Le modèle économique du club repose sur le trading des joueurs, les droits TV et le développement du Parc OL et non sur les élucubrations sans fondement de Monsieur Etienne Tête. Au 30 juin 2016, OL Groupe a enregistré un doublement de son chiffre d’affaires (218,1 M€ contre 103,5 M€ au 30 juin 2015) grâce à la croissance de toutes ses activités parties intégrantes du nouveau modèle (trading, billetterie, droits TV). Au 30 juin 2017, la progression du chiffre d'affaires sera à nouveau très significative et très supérieure à celle de tous les autres clubs français.

La capacité du Parc OL 

Définitivement sous la coupe de son maitre à penser Etienne Tête, Paul Terra laisse entendre que le Parc OL serait trop grand au prétexte que la moyenne des matches de l’O.L. n’aurait été cette saison « que » de 42 000, ce qui constitue la 2ème meilleure moyenne française. 

Un peu de réflexion n’aurait pas été inutile pour expliquer aux lecteurs de Lyon Capitale que cette réalisation n’avait pas pour seule finalité d’accueillir les matches de l’O.L. mais d’organiser aussi les plus grands événements comme l’Euro 2016, les finales européennes de rugby ou les concerts des plus grandes stars mondiales.

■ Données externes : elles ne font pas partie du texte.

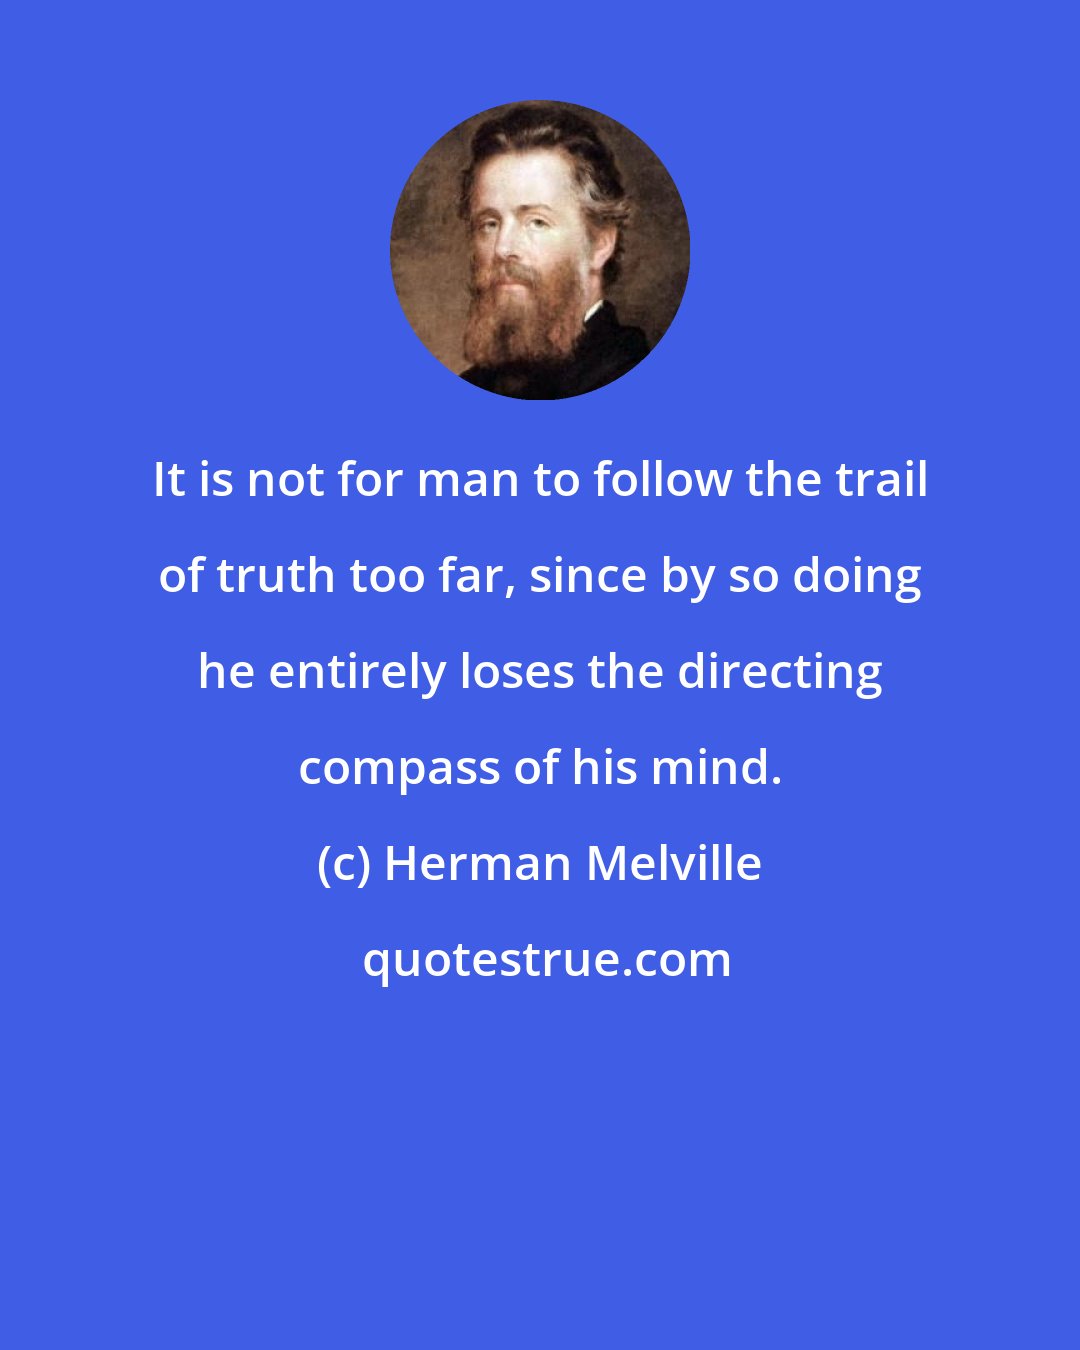 Herman Melville: It is not for man to follow the trail of truth too far, since by so doing he entirely loses the directing compass of his mind.
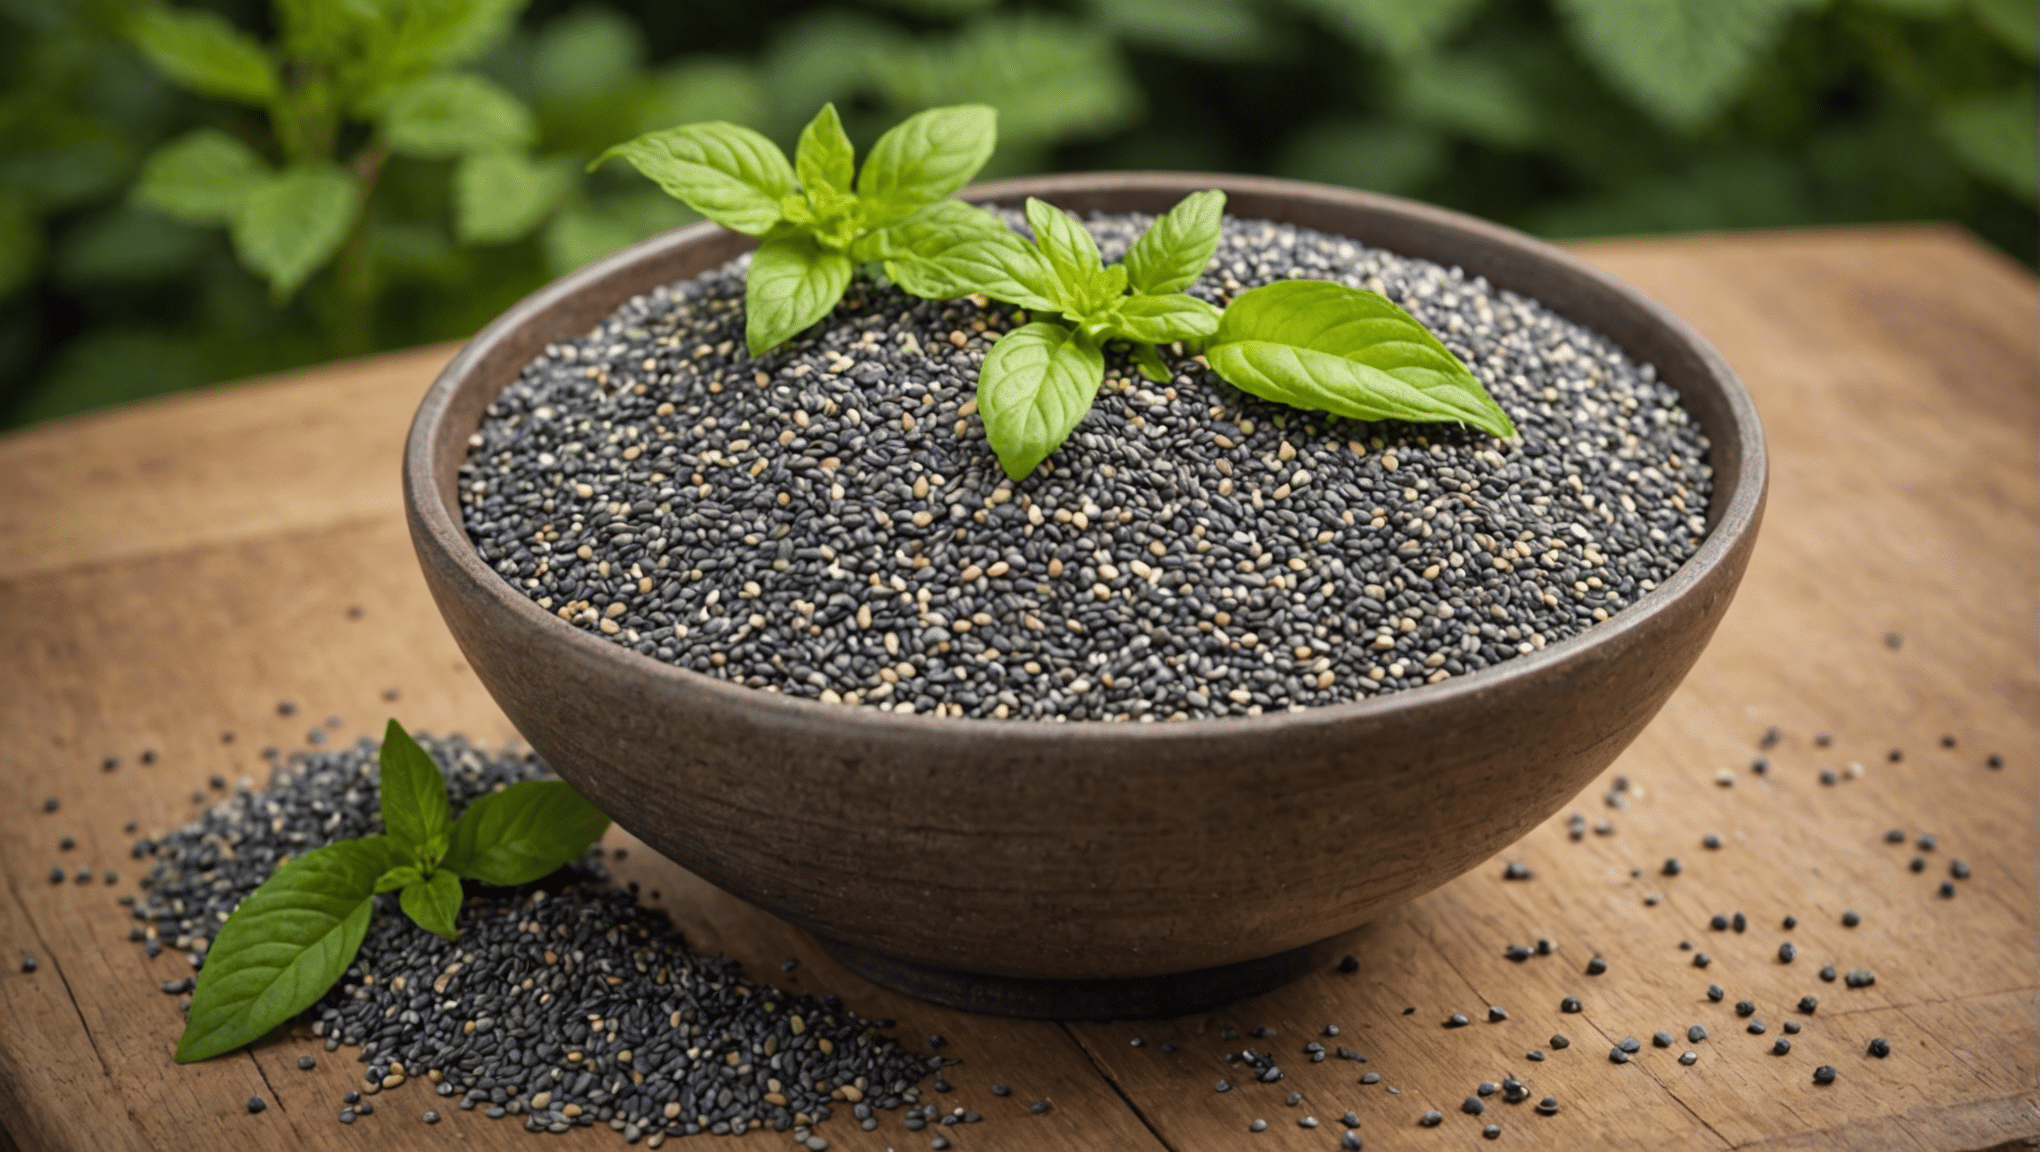 learn about the shelf life of chia seeds and whether they expire. find out how to store chia seeds properly to maintain their freshness and nutritional value.

Coldplay ne serait ainsi jamais venu à Lyon si le Parc OL ne lui avait pas permis de rassembler plus de 55 000 fans, procurant ainsi du plaisir, de l'ambition et de la fierté à tous. Quant aux matches de l’O.L., 8 ont cette saison rassemblé plus de 50 000 spectateurs ce que Paul Terra savait mais n’a pas dit !

Le refinancement 

Paul Terra explique que les banquiers auraient initialement été sceptiques sur le projet du Parc OL avant sa construction, d’où des prêts de courte durée à des taux très élevés. Le succès de l’opération de refinancement (260 M€) aurait logiquement dû conduire ce journaliste à expliquer que la réussite du Parc OL avait désormais convaincu les banquiers. Et bien non, fort de ses a priori et bien décidé à décrier la réussite d’une stratégie entrepreneuriale, Paul Terra s’est ingénié à justifier la réussite du refinancement par la seule arrivée d’IDG au capital d’OL Groupe. 

Avec un peu d'honnêteté intellectuelle, Paul Terra aurait pu remarquer qu'IDG Groupe avait choisi l'OL comme club référent en Europe pour investir près de 100 M€ de fonds propres, ce qui est exceptionnel, sur une valorisation qui, à elle seule, aurait dû rappeler à Lyon Capitale l'extraordinaire réussite de ce Parc. La valorisation qui en découle - IDG a investi 100 M€ pour 20% du capital ce qui représente une valorisation de 500 M€ pour OL Groupe auquel il convient de rajouter l'endettement de l'époque, 270 M€, pour obtenir la valeur réelle d'OL Groupe (entreprise value) - s'établit donc à 770 M€ !!! Il y aurait encore d’autres précisions à apporter (les droits à bâtir ont toujours fait partie du business plan contrairement à ce qu'évoque l'article) et des vérités à rétablir. 

Ainsi, la performance économique d'OL Groupe est devenue une success story que seuls les gens animés de mauvaises intentions peuvent contester : parler d'un déficit ramené à 2,3 M€ comme Paul Terra l'indique est faux et gravissime alors que les comptes arrêtés au 30 juin 2016 font état d'un résultat avant impôts de 16,7 M€, et surtout d'un EBE de 52,1 M€ qui permet à l'entreprise OL de rembourser en temps et en heures ses emprunts mais aussi de générer des fonds propres qui au 31 décembre 2017 seront supérieurs à 200 M€, représentant une part significative de ceux de l’ensemble du football français. 

Pour tout cela, et pour expliquer la réalité du Parc OL cité comme le plus moderne, beau et environnemental (oui, Monsieur Tête ! ) des stades français de l'Euro, il aurait fallu faire preuve d’objectivité et d’honnêteté, au contraire de cet article truffé de fausses informations relatives à une société cotée en bourse, portant ainsi délibérément préjudice à OL Groupe et contre lequel OL Groupe a décidé de déposer une plainte.